Release notes, with download locations, reside in the repository, here.

Gotchas

This taxonomy is not authoritative by any stretch of the imagination. It is a product of expedience meant to fill the particular immediate needs of Open Tree of Life, nothing else.

Mistakes might come from any of the source taxonomies or introduced by us.

When there is any question about parent/child taxon relationships higher-priority taxonomies always take precedence over lower-priority ones. SILVA and Index Fungorum are highest priority, then NCBI, GBIF, and IRMNG, in that order.

When mapping a source taxonomy into the union taxonomy, if a name occurring in both places is deemed to be a match, all of the source children that don't map to some other union taxon are added as children of the union node. Usually that will mean all of them, but there are a number of cases (about 1500) where the source taxon is "paraphyletic" and the decision as to where to place the children (when they don't already belong to the corresponding union taxon) is somewhat arbitrary.
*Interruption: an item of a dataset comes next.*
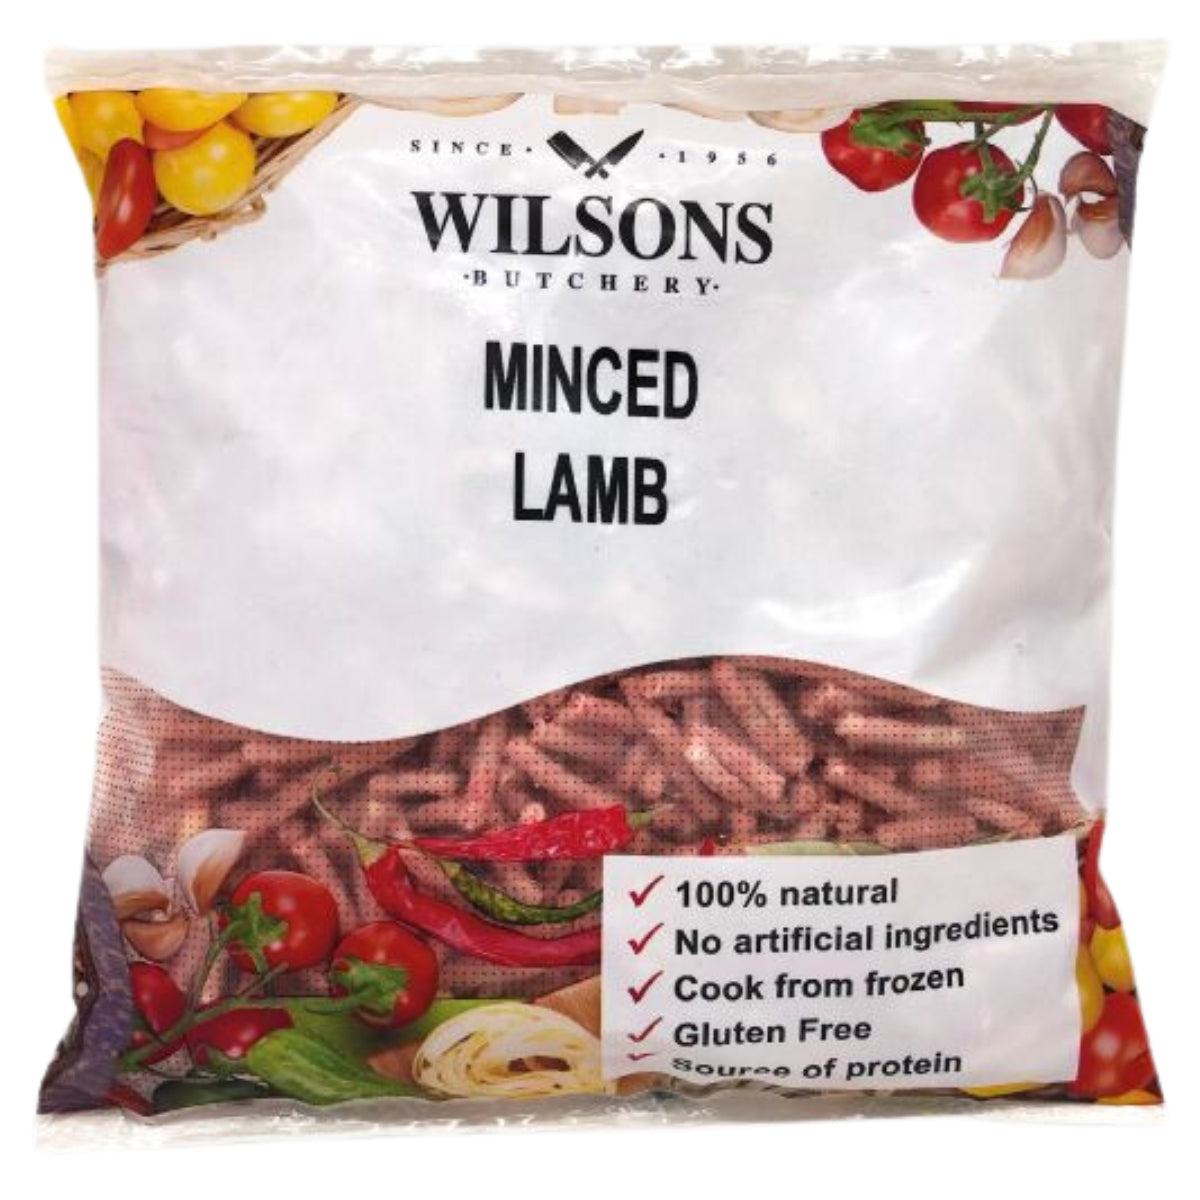 Wilsons Butchery - Lamb Mince - 400g in a bag.
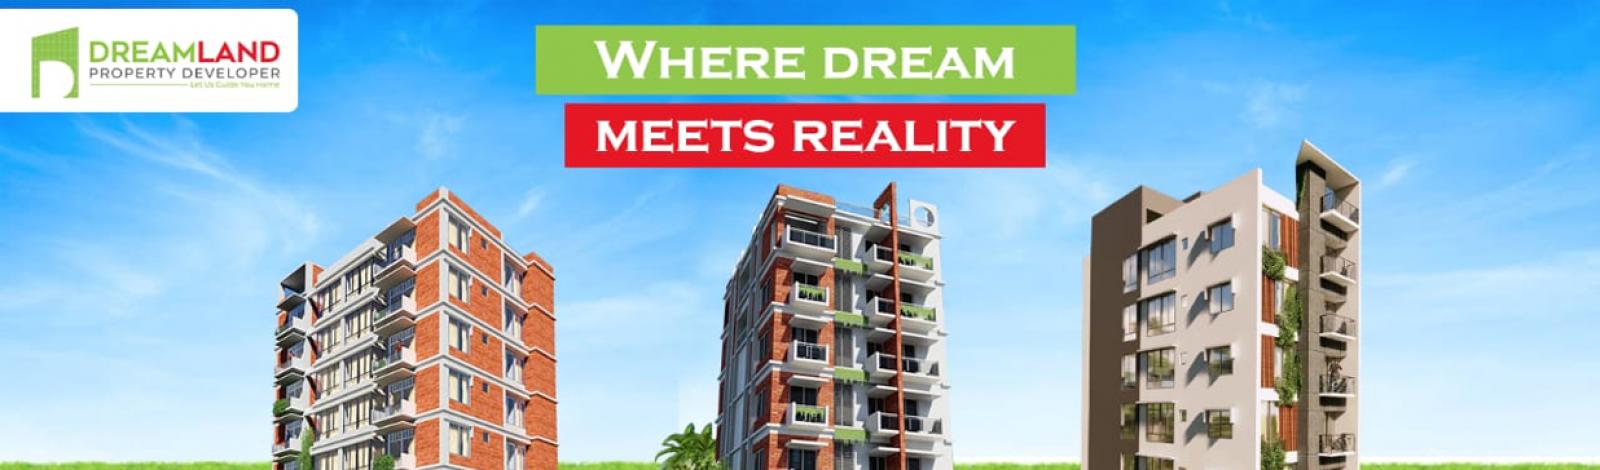 Dreamland Property Developer banner

A name is sometimes judged by a process of elimination as naming a single unified taxon - that is, there is no reason to think there's only one taxon instead of two, other than two that happen to have the same name; but no evidence to the contrary either. This is the case for about 4000 tips (usually species) and 500 internal taxa. This kind of argument is weak (especially in the case of genera) and the name might in fact name two different taxa homonymously, one from each source taxonomy. Many examples have been found and for now they are corrected manually.

Contrariwise, sometimes there is evidence that a name means different taxa in different sources, with no evidence it only names one taxon, and so the merge process creates homonyms that weren't homonyms in either input taxonomy. This determination is heuristic and may be wrong in some causes (in fact, probably most of the time; typical example: Parauronematidae), with the effect that a single taxon appears to occur in multiple places in the tree. There are about 6000 of these names.

Representation

[TBD: Move this information to the Interim taxonomy file format page!]

Taxonomy

File taxonomy.tsv = the taxonomy itself. There is one row per taxon. The column separator (following NCBI's example) is tab-stroke-tab.

Columns:

  1. OTT identifier - these have been kept stable relative to OTToL 1.0
  2. OTT identifier for the parent of this taxon, or empty if none
  3. Name (e.g. "Rana palustris")
  4. Rank ("genus" etc.) Note: OTT is a merger of multiple taxonomies. The ranks can provide about whether taxa in input taxonomies correspond, but the output rank column is not reliable.
  5. Sources - this takes the form tag:id,tag:id where tag is a short string identifying the source taxonomy (currently just "ncbi" or "gbif") and id is the numeric accession number within that taxonomy. Examples: ncbi:8404,gbif:2427185 ncbi:1235509
  6. Unique name - if the name is a homonym, then the name qualified with its rank and the name of its parent taxon, e.g. "Roperia (genus in family Hemidiscaceae)"
  7. Flags - see https://github.com/OpenTreeOfLife/taxomachine/blob/master/src/main/java/org/opentree/taxonomy/OTTFlag.java

Synonyms

File synonyms.tsv - this is a simple mapping of synonym to OTT identifier. The content derives from NCBI; currently we don't harvest synonyms from GBIF (although it has a ton of them). Two columns, separated by tab-stroke-tab:

  1. Name
  2. OTT identifier

Deprecated

File deprecated.tsv - taxa that are in version 1.0 but need to be deleted because they were deemed incorrect in some regard (incorrectly placed, ambiguous, synonyms, etc)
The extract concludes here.